Only the lines of the data below from the one with "Children's Hospital Melbourne" through the one with "Coral Schultertasche Hot Oilily" are wanted. Repeat them exactly.

Records excerpted from a collection:

—————

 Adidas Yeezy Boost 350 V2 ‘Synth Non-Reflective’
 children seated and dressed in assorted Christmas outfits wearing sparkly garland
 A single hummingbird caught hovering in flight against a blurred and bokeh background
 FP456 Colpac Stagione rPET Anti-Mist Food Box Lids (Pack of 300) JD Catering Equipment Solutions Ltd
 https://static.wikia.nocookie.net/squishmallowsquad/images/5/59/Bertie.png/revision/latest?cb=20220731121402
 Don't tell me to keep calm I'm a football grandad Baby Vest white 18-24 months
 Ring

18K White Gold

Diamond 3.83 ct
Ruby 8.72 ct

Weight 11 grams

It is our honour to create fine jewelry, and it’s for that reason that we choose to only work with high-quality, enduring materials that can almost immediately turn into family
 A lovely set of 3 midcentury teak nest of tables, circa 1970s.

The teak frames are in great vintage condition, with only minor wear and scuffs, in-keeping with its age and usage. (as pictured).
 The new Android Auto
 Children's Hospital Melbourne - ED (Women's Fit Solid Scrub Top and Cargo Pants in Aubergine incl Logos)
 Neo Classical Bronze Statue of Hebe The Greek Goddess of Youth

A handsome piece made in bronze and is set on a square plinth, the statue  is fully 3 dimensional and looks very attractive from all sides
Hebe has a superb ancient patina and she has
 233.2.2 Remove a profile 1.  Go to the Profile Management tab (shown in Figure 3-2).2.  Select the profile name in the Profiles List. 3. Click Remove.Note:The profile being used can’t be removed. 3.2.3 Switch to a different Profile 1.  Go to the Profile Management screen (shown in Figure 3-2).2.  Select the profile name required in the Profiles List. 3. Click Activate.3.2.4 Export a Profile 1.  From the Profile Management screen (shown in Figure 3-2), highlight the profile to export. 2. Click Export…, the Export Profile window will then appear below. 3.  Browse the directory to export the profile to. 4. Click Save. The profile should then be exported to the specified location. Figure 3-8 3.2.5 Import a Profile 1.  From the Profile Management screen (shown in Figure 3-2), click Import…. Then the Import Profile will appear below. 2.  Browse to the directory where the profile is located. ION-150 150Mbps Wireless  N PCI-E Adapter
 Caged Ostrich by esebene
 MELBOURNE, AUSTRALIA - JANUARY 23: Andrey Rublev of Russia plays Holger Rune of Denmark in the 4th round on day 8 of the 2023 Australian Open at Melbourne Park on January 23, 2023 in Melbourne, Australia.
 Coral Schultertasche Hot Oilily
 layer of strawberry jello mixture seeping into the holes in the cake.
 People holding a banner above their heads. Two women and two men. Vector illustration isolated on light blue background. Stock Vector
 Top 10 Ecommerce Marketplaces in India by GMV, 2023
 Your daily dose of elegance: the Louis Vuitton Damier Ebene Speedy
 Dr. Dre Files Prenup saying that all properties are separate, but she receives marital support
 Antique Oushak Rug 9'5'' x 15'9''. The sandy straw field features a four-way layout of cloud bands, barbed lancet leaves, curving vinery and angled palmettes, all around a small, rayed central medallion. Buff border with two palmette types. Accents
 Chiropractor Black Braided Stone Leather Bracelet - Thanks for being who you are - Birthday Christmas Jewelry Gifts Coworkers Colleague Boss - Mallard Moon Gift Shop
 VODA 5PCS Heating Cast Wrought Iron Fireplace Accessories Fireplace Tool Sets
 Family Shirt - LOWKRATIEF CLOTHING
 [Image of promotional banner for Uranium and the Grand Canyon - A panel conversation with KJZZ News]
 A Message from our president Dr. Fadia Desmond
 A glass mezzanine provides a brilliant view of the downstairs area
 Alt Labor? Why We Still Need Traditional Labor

—————

## Result
 Children's Hospital Melbourne - ED (Women's Fit Solid Scrub Top and Cargo Pants in Aubergine incl Logos)
 Neo Classical Bronze Statue of Hebe The Greek Goddess of Youth

A handsome piece made in bronze and is set on a square plinth, the statue  is fully 3 dimensional and looks very attractive from all sides
Hebe has a superb ancient patina and she has
 233.2.2 Remove a profile 1.  Go to the Profile Management tab (shown in Figure 3-2).2.  Select the profile name in the Profiles List. 3. Click Remove.Note:The profile being used can’t be removed. 3.2.3 Switch to a different Profile 1.  Go to the Profile Management screen (shown in Figure 3-2).2.  Select the profile name required in the Profiles List. 3. Click Activate.3.2.4 Export a Profile 1.  From the Profile Management screen (shown in Figure 3-2), highlight the profile to export. 2. Click Export…, the Export Profile window will then appear below. 3.  Browse the directory to export the profile to. 4. Click Save. The profile should then be exported to the specified location. Figure 3-8 3.2.5 Import a Profile 1.  From the Profile Management screen (shown in Figure 3-2), click Import…. Then the Import Profile will appear below. 2.  Browse to the directory where the profile is located. ION-150 150Mbps Wireless  N PCI-E Adapter
 Caged Ostrich by esebene
 MELBOURNE, AUSTRALIA - JANUARY 23: Andrey Rublev of Russia plays Holger Rune of Denmark in the 4th round on day 8 of the 2023 Australian Open at Melbourne Park on January 23, 2023 in Melbourne, Australia.
 Coral Schultertasche Hot Oilily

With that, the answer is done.